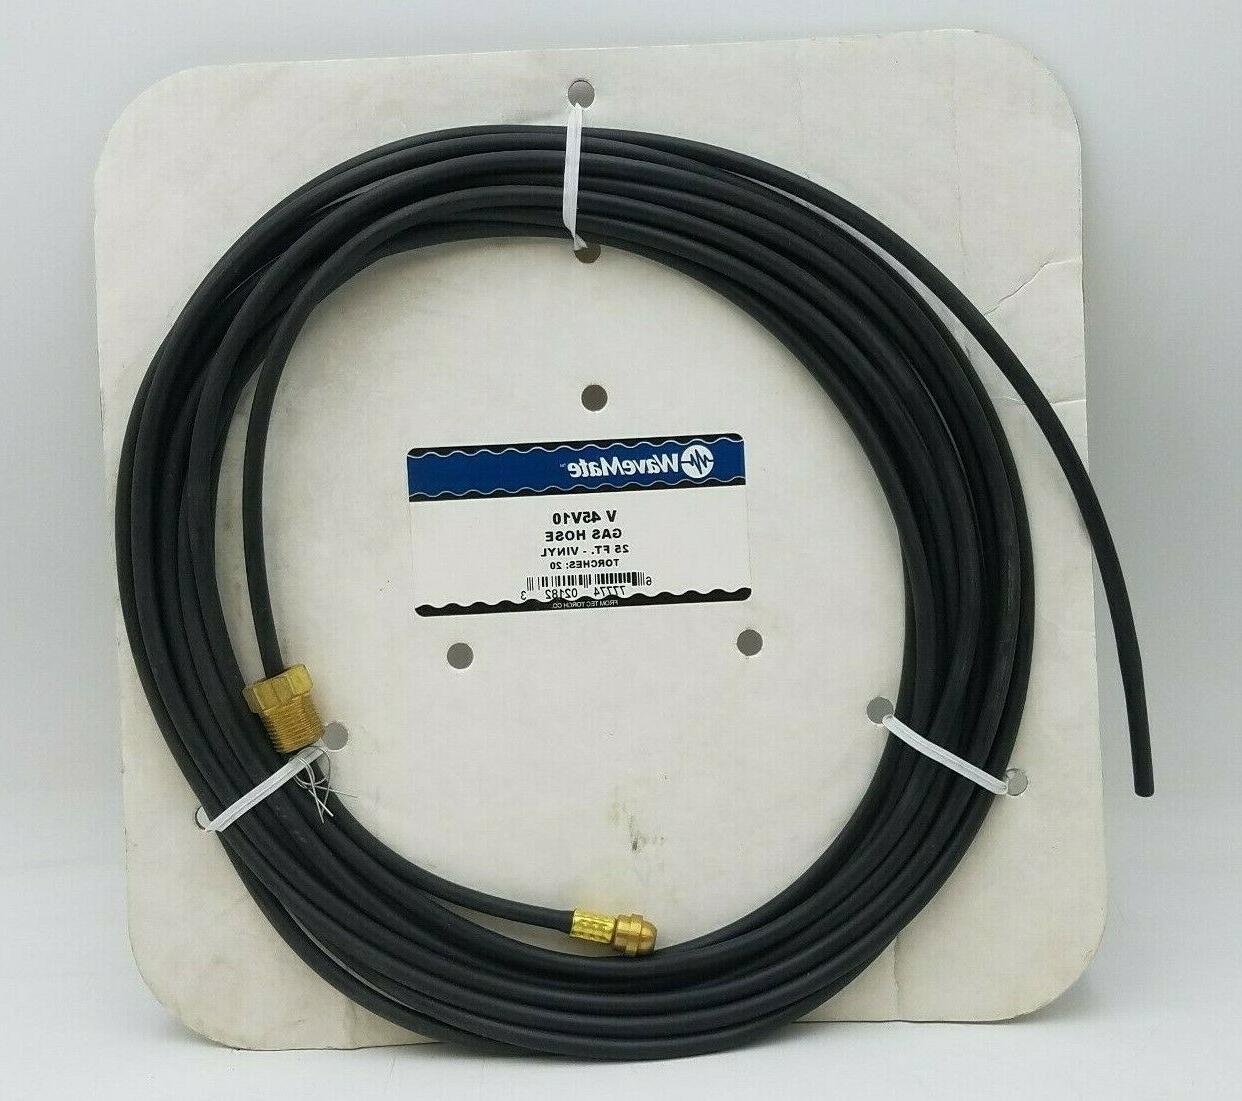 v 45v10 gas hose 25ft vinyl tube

...

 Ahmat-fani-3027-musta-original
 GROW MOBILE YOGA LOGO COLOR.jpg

Problem to work on - Where the data above reaches the line holding "Ahmat-fani-3027-musta-original", begin printing, and stop after the line holding "GROW MOBILE YOGA LOGO COLOR.jpg". Each line must be reproduced exactly, with nothing else added.

Answer section -
 Ahmat-fani-3027-musta-original
 GROW MOBILE YOGA LOGO COLOR.jpg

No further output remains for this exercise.